Sun Pharma, the country?s second-largest drugmaker in terms of net sales, has pipped its peers in market capitalisation (m-cap). On October 11, Sun Pharma had an M-cap of Rs 42,863 crore, which is almost double of the market capitalisation of its closest peer Cipla, number one drugmaker in terms of sales as of quarter ending June this fiscal.
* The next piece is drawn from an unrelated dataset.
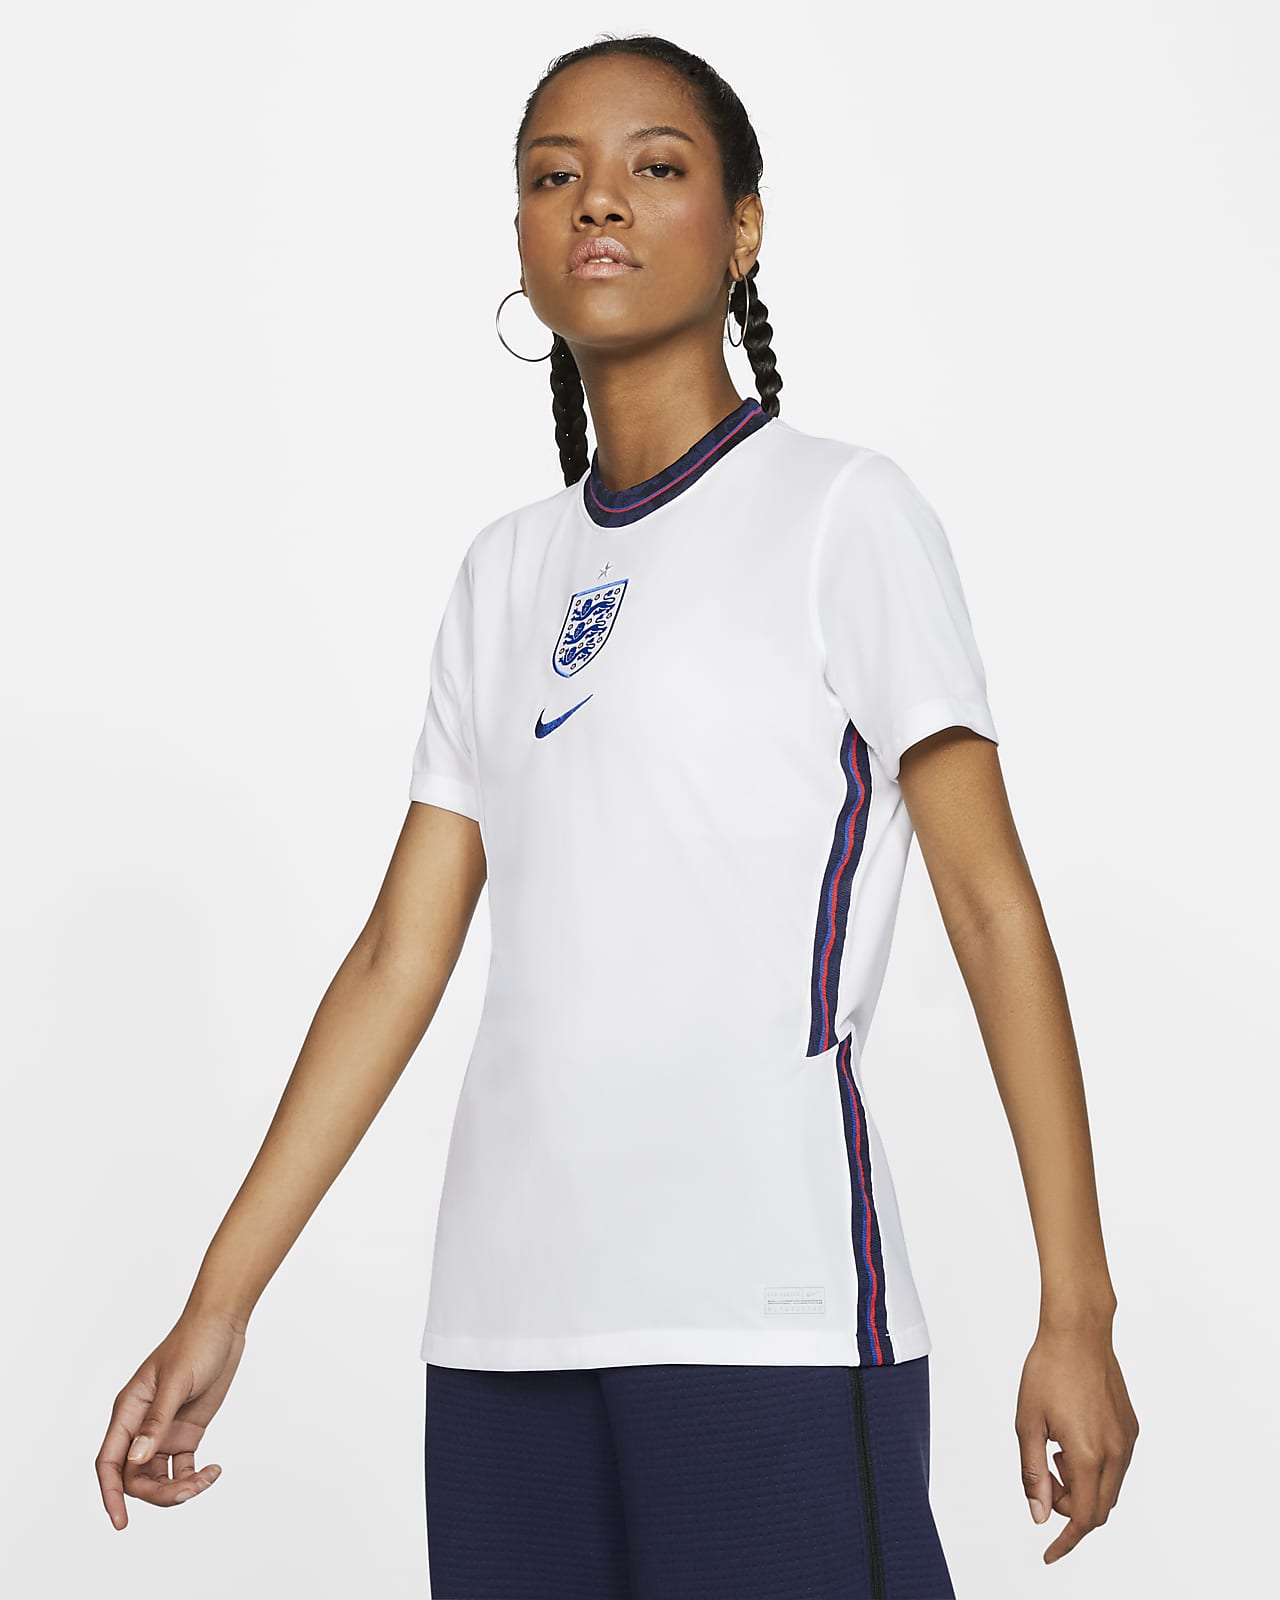 England Shirt : Nike England Euro 2020 Away Kit Released First Look At ...

According to analysts, Sun Pharma had got a shot in the arm when an Israeli court ruled in its favour to conclude its tender offer for all outstanding shares of Taro Pharmaceuticals Industries at a price of $7.75 per share in cash, ending nearly a three-and-a-half year old legal battle. ?Sun Pharma had posted an above average growth in its domestic sales to become the number two drugmaker as on June 30. (this fiscal). It also had a strong Anda (abbreviated new drug application) pipeline pending with various regulators including the FDA. The Taro acquisition is expected to strengthen the company’s position in the US market further. It would also give the company a leg up in its generic business in Canada as well as in Israel, Taro’s home turf?, an analyst tracking the stock told FE. The management has guided for a 20% growth in its net sales for the current quarter, which analysts say better the sectoral earning guidance.
According to the information available with FE, Sun Pharma, as of the end of trade on October 11, had a market capitalisation of Rs 42,863 crore, which is almost double the market capitalisation of Cipla, the country’s largest drugmaker with a standalone net sales of Rs 1,427.38 crore as on June 30. Cipla had a market capitalisation of Rs 27,219 crore as of the end of the trading day on Monday. The Hyderabad-based Dr Reddy’s came a distant third with a M-Cap of Rs 26,534 crore followed by Ranbaxy (Rs 25,211 crore) and the Indian arm of the global big pharma company, GlaxoSmithkline Pharamceuticals with a M-Cap of Rs 19,244 crore.
In a recent company update, brokerage house Angel Broking had said Sun Pharma has one of the strongest balance sheets in the sector, with cash of around Rs 4,000 crore which translates roughly into 11% of its market capitalisation. The management is open to use this war chest to fuel inorganic growth and is scouting for acquisitions, particularly in the US, it said. The company has a paid up capital base of Rs 103.56 crore and an earning per share of (EPS) of Rs 27.20.